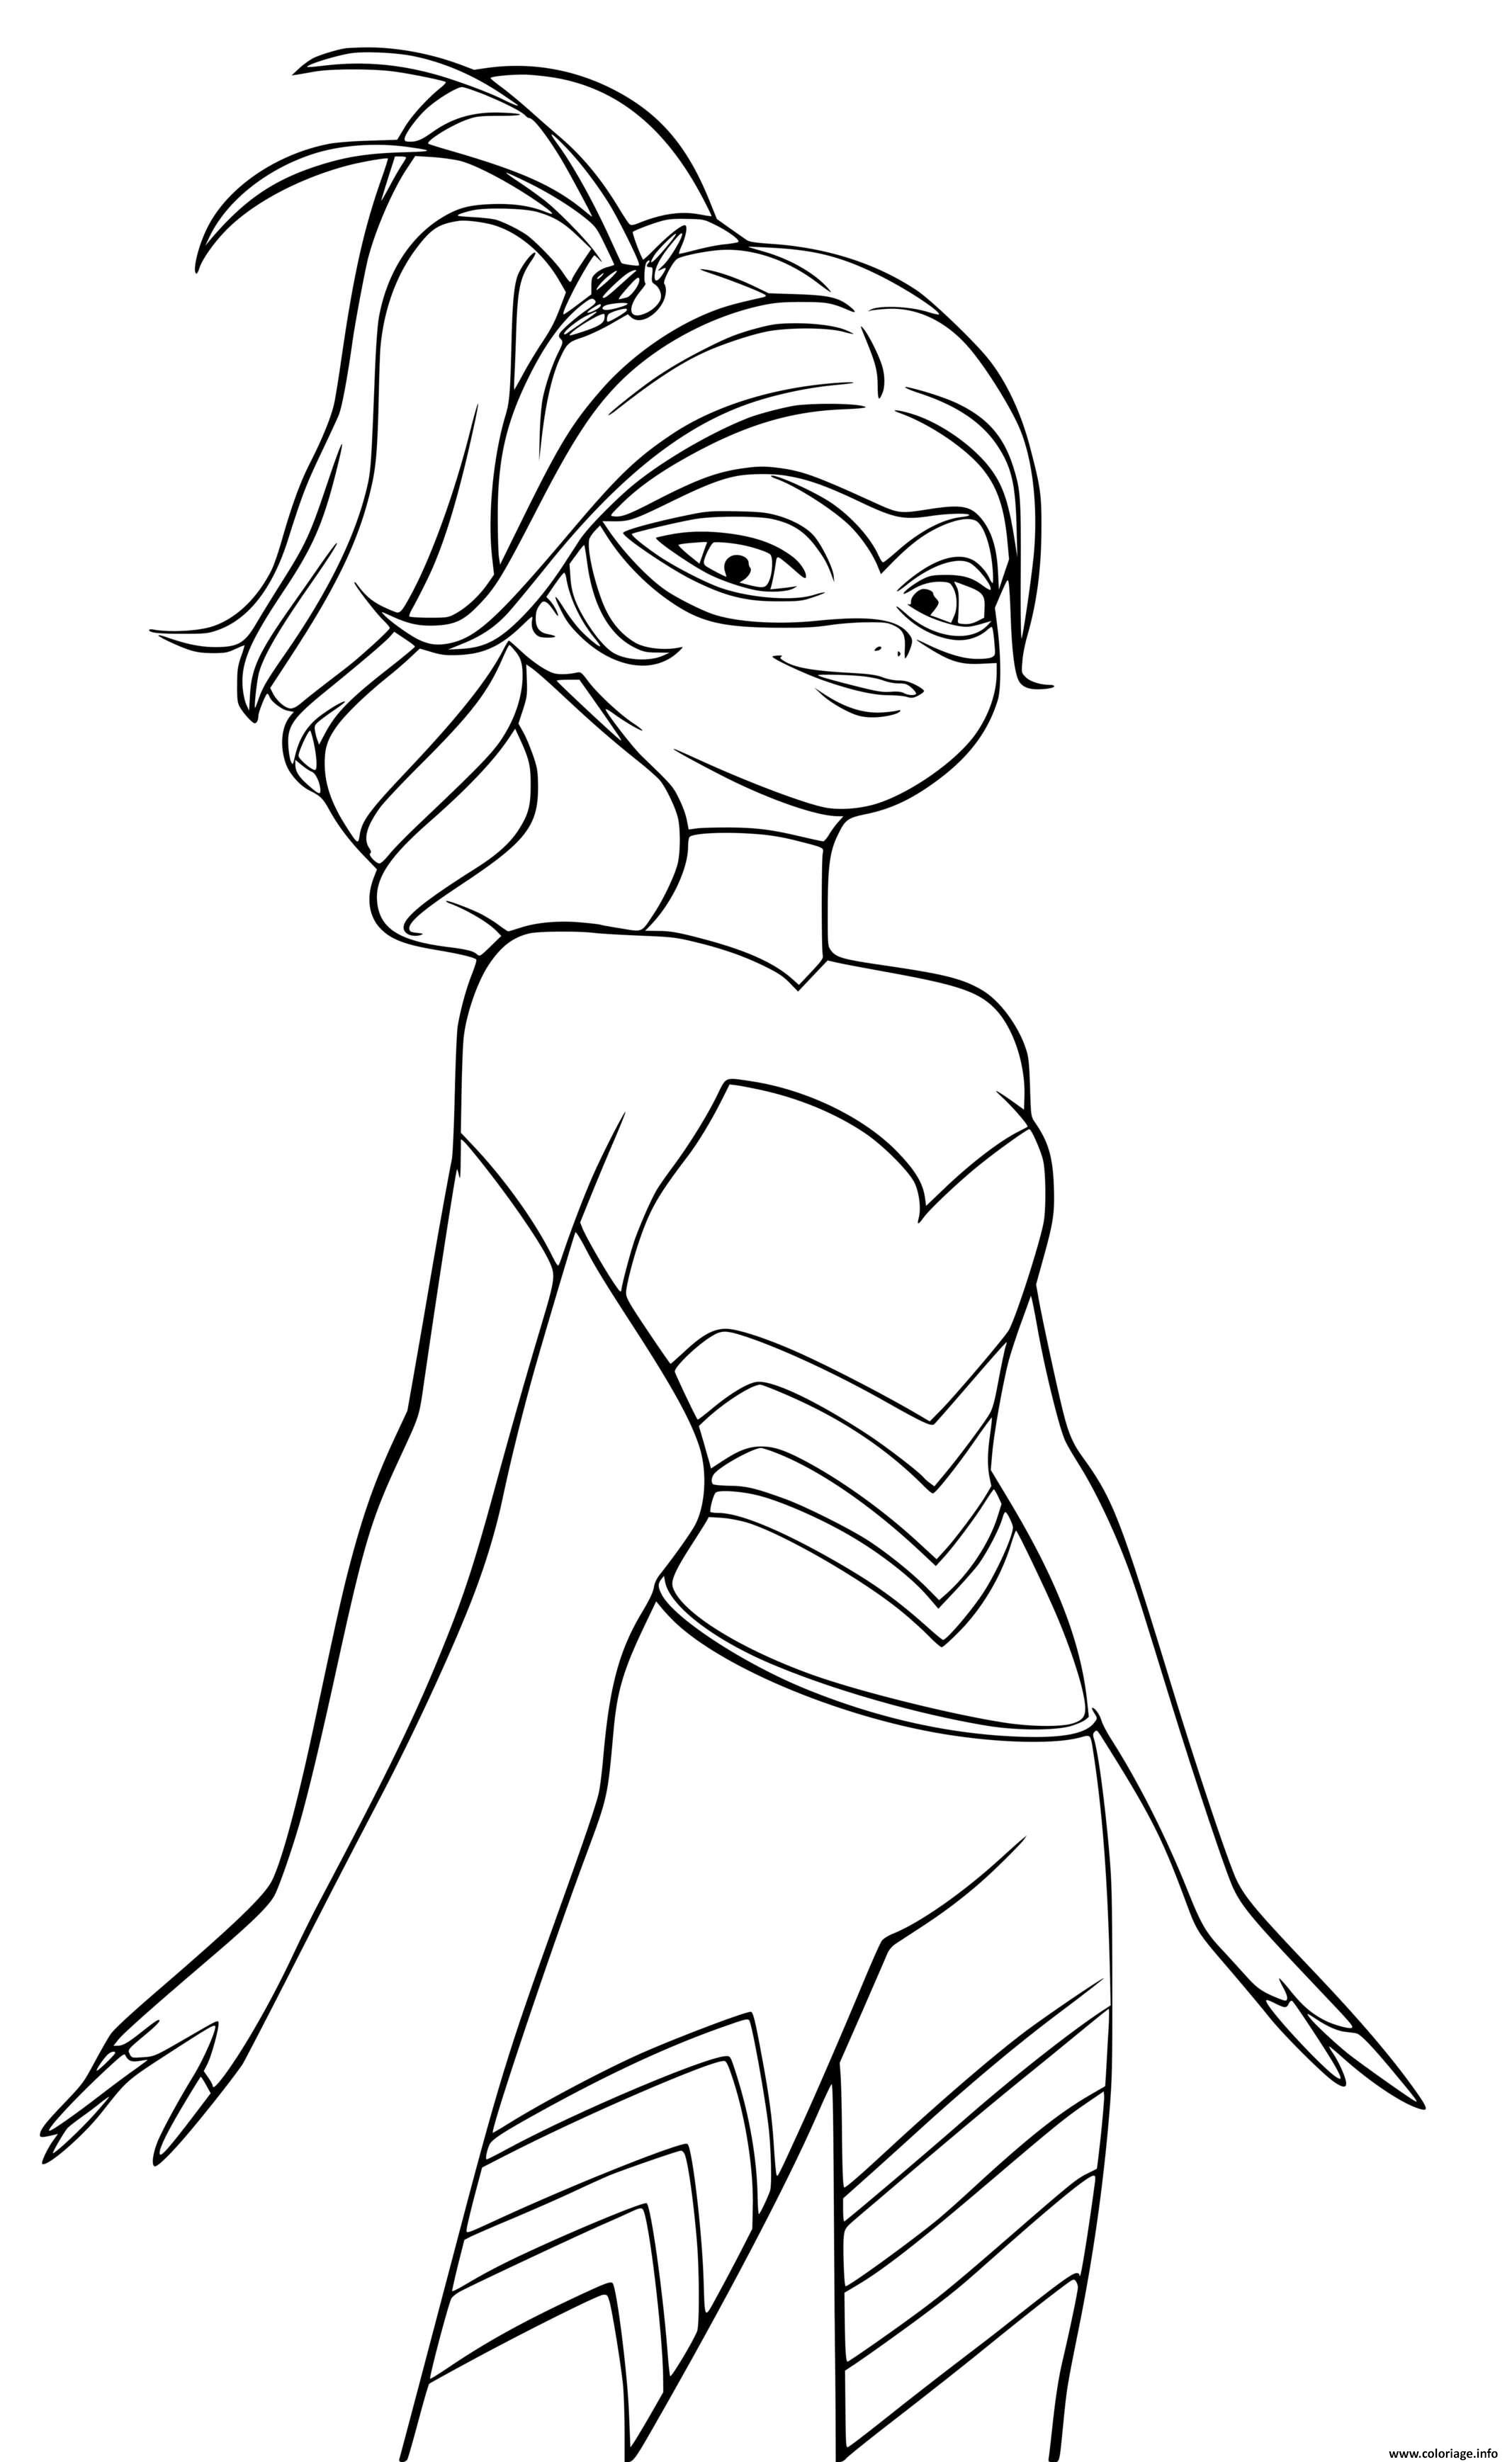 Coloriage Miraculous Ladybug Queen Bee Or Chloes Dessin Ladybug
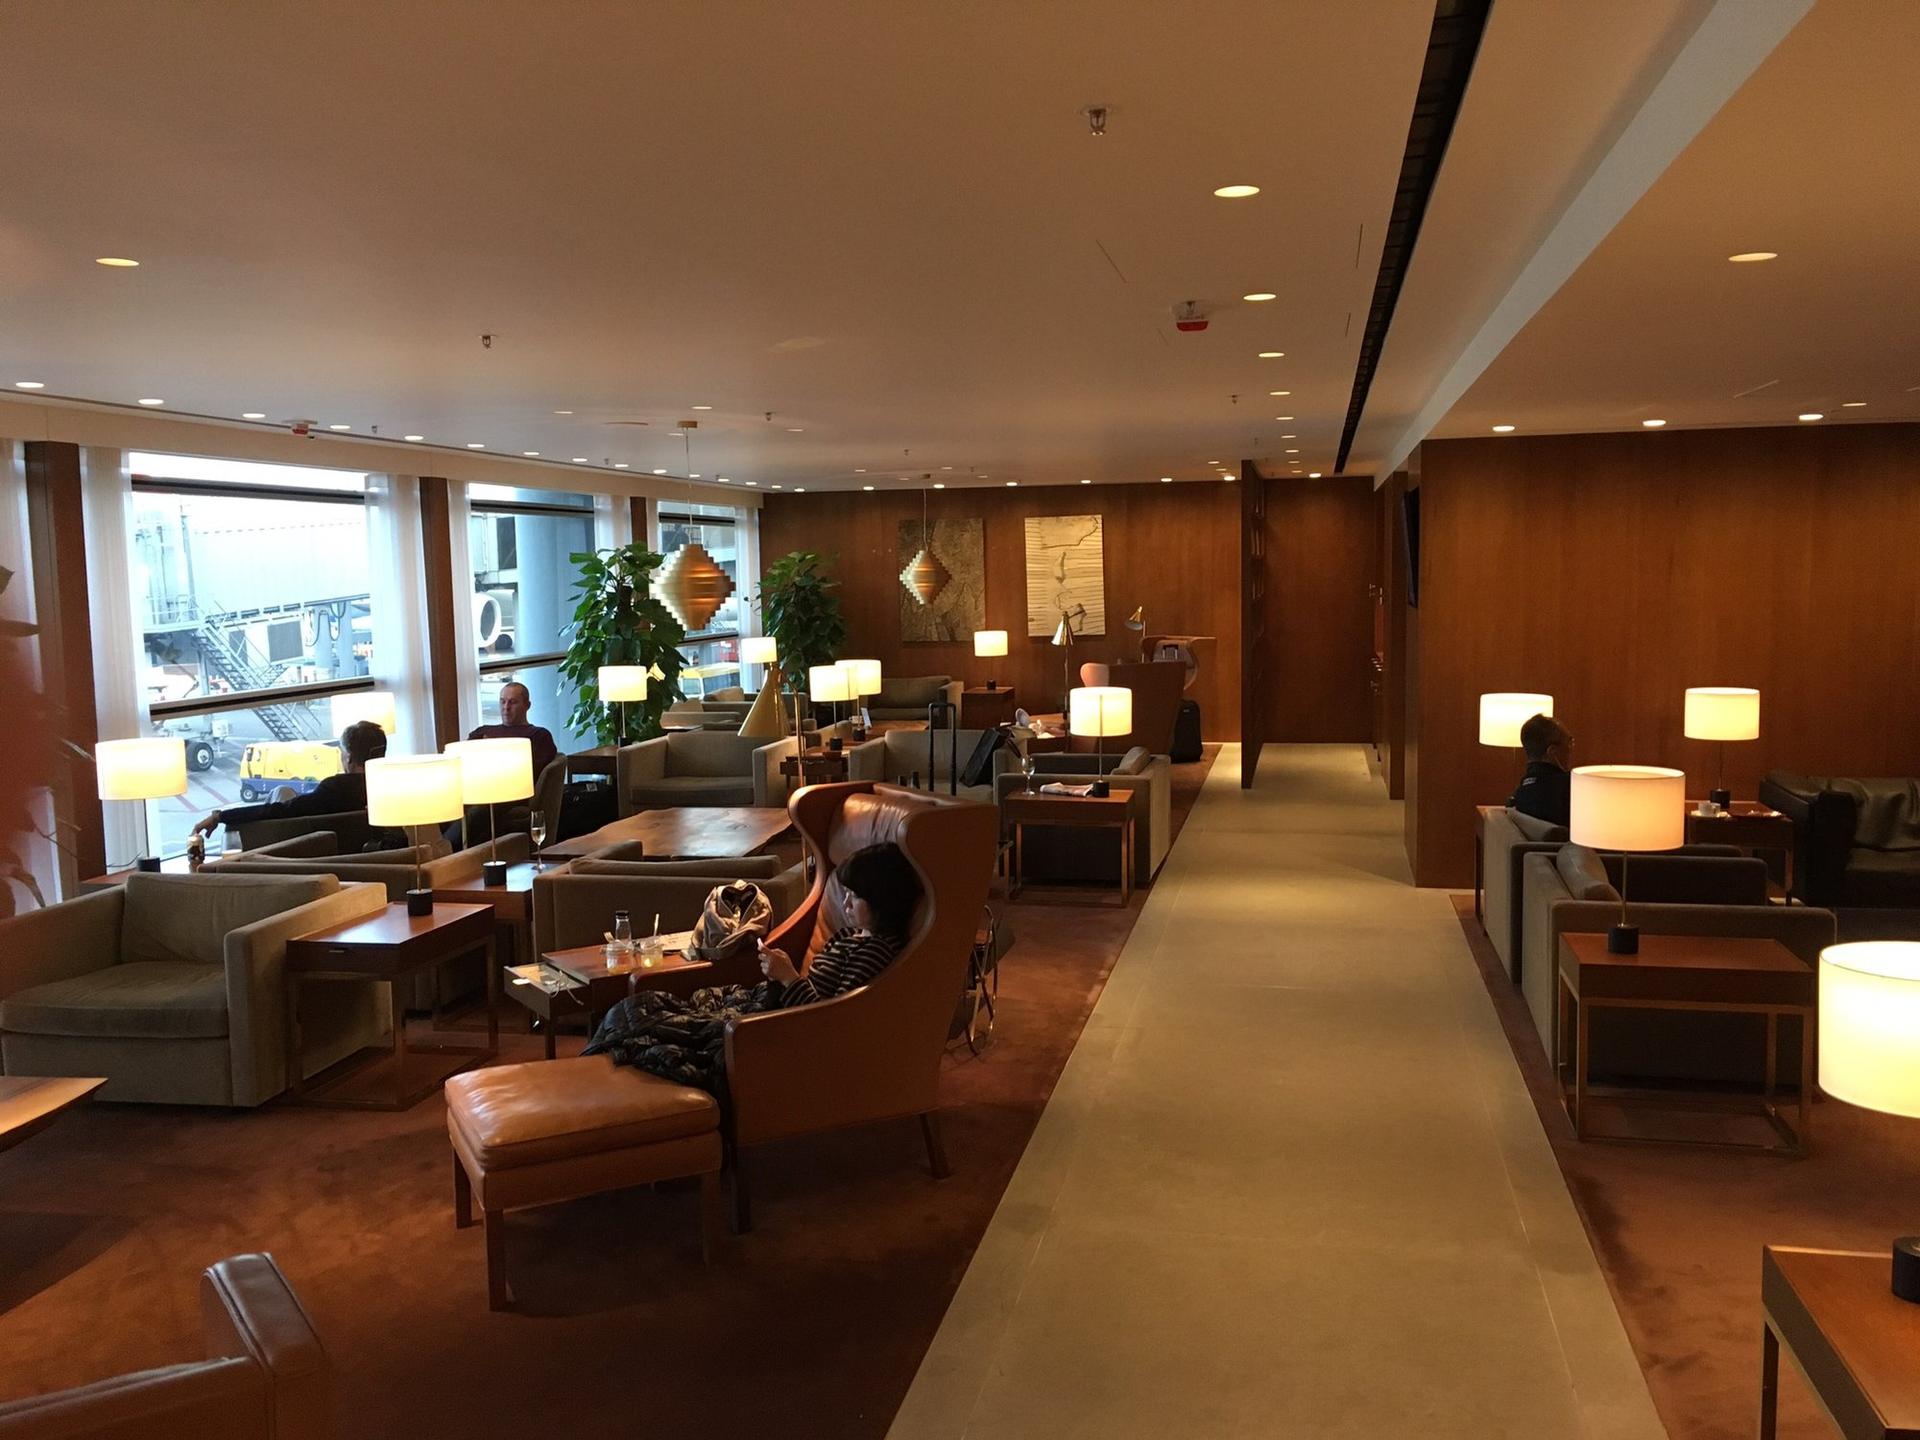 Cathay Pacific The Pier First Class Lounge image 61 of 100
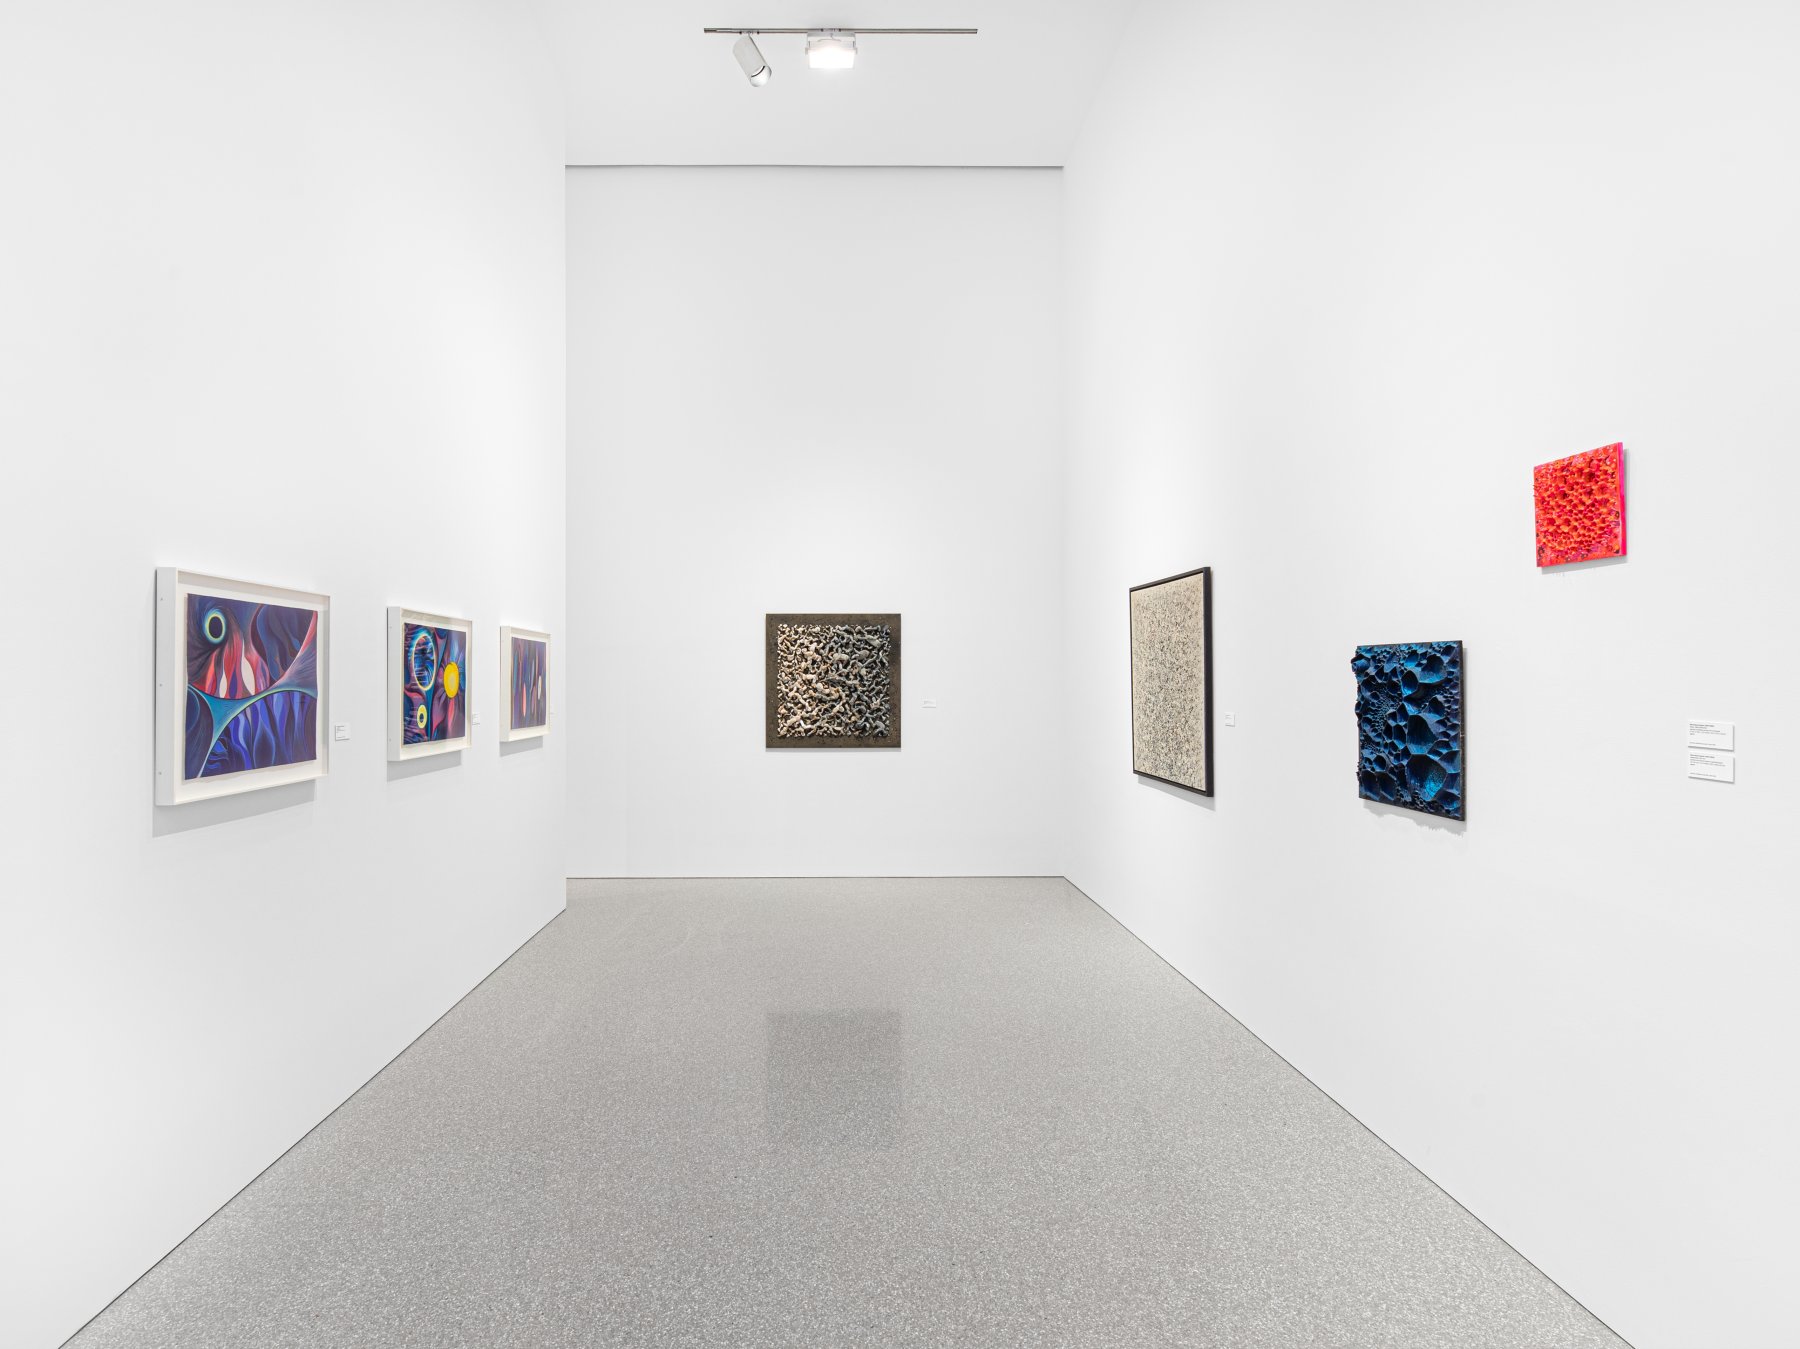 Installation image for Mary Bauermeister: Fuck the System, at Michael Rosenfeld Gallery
****************************************
Exercise instructions: For this exercise, write the listing out again exactly, excluding all images.

Solution to this exercise:
 Coloriage Miraculous Ladybug Queen Bee Or Chloes Dessin Ladybug
 Cathay Pacific The Pier First Class Lounge image 61 of 100
 Installation image for Mary Bauermeister: Fuck the System, at Michael Rosenfeld Gallery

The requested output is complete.